Why Do Colors Matter To Scribes?

Upside-down Color Wheel Art

While getting my steps in walking at the mall recently I saw a school’s art display in the food court. The students’ works were clever and made me think. I particularly liked the ones with color. That always catches my eye.

You may be asking why you should care about color? One answer is you can ruin a good drawing by poor color choices. But you can also enhance a middling design by its careful use.

Color Basics

Color theory is both an art and a science. It explains how we perceive color, mix paint hues, and use them to match or clash.

There are three primary colors from which you can choose – red, blue, and yellow. In theory you can make other colors by mixing those three.

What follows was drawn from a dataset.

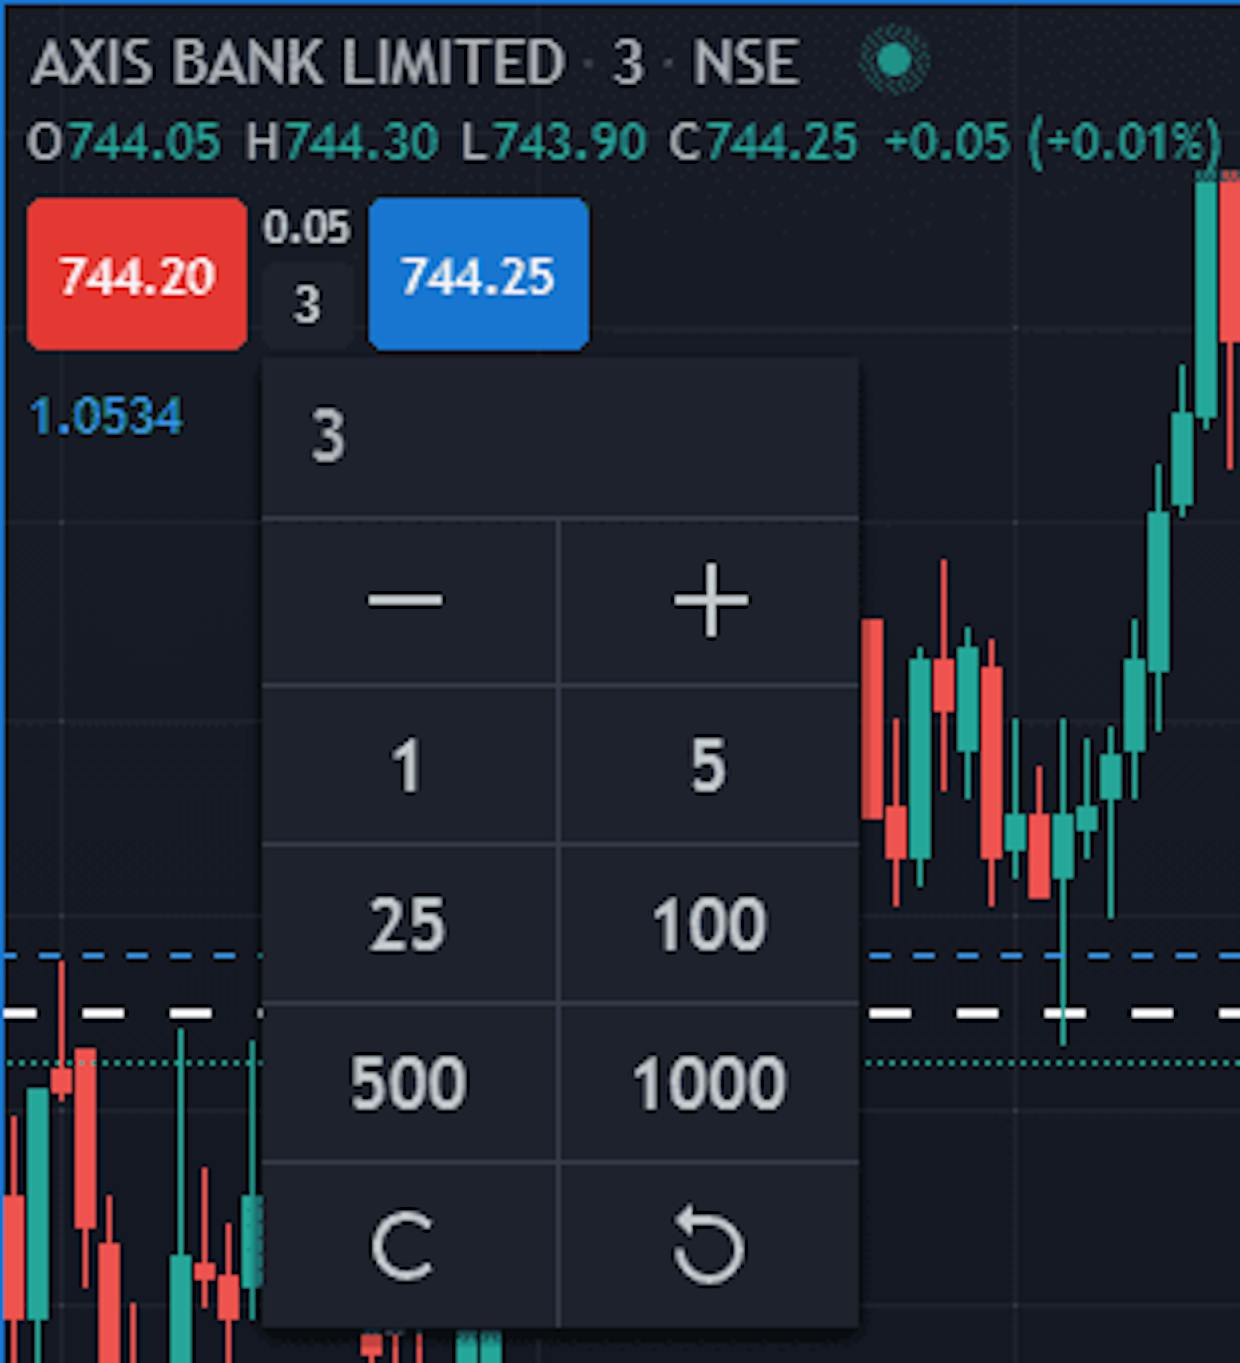 Since yesterday i'm not able to see quantity box in instant buy/sell button on the chart, is it me only or did fyers removed the feature, also i think fyers updated there trading view, and since then some indicators are not working as earlier , e.g in case of pivot point , every time i change the script i have to refresh the page to see the pivot point levels.

When you mix any two primary colors together you create a secondary color – orange, green, or purple.

Those six hues make up the major spectrum of colors. Arranging them in a circle makes what’s called a color wheel. You usually see them displayed starting at the top and turning clockwise with red, orange, yellow, green, blue, and purple.

Changing Color Value

You can also make a color paler or darker. You’ve probably already discovered how to tint a color by adding a white paint dab.

It follows you might darken the paint by adding black. That’s true but your results will be less than what you expect.

Adding black makes your color darker, but it also looks less like your chosen hue. It causes your color to loose value or sense of itself. The color becomes muddier and may turn into another one altogether. It’s weird but adding black to yellow gives you an olive green not a darker yellow.

The secret to darkening colors without changing their value is the color wheel. The primary colors strewn around the circle have secondary colors between them. Directly across from each primary color you find its complimentary partner. Each color has an opposite, or complementary hue.

You darken a color by mixing it with its complement. For example, yellow can be made darker by adding a purple. Something very useful in Calontir as they are like our “team colors”.

To make your color slightly darker add a little dab of its complement, to make it a lot darker add a little more. But be careful. Adding a dark hue to a light one can change your paint’s appearance suddenly. Adding a light hue to a darker one may take several tries before you get the one you want.

Repeating a color throughout a scroll helps tie your design elements together. It unifies them while directing the viewer’s eye around your work.

Understanding how the color wheel works is important if your motifs need shading. Using it well brings your scroll to life by giving the illumination a 3-D flair.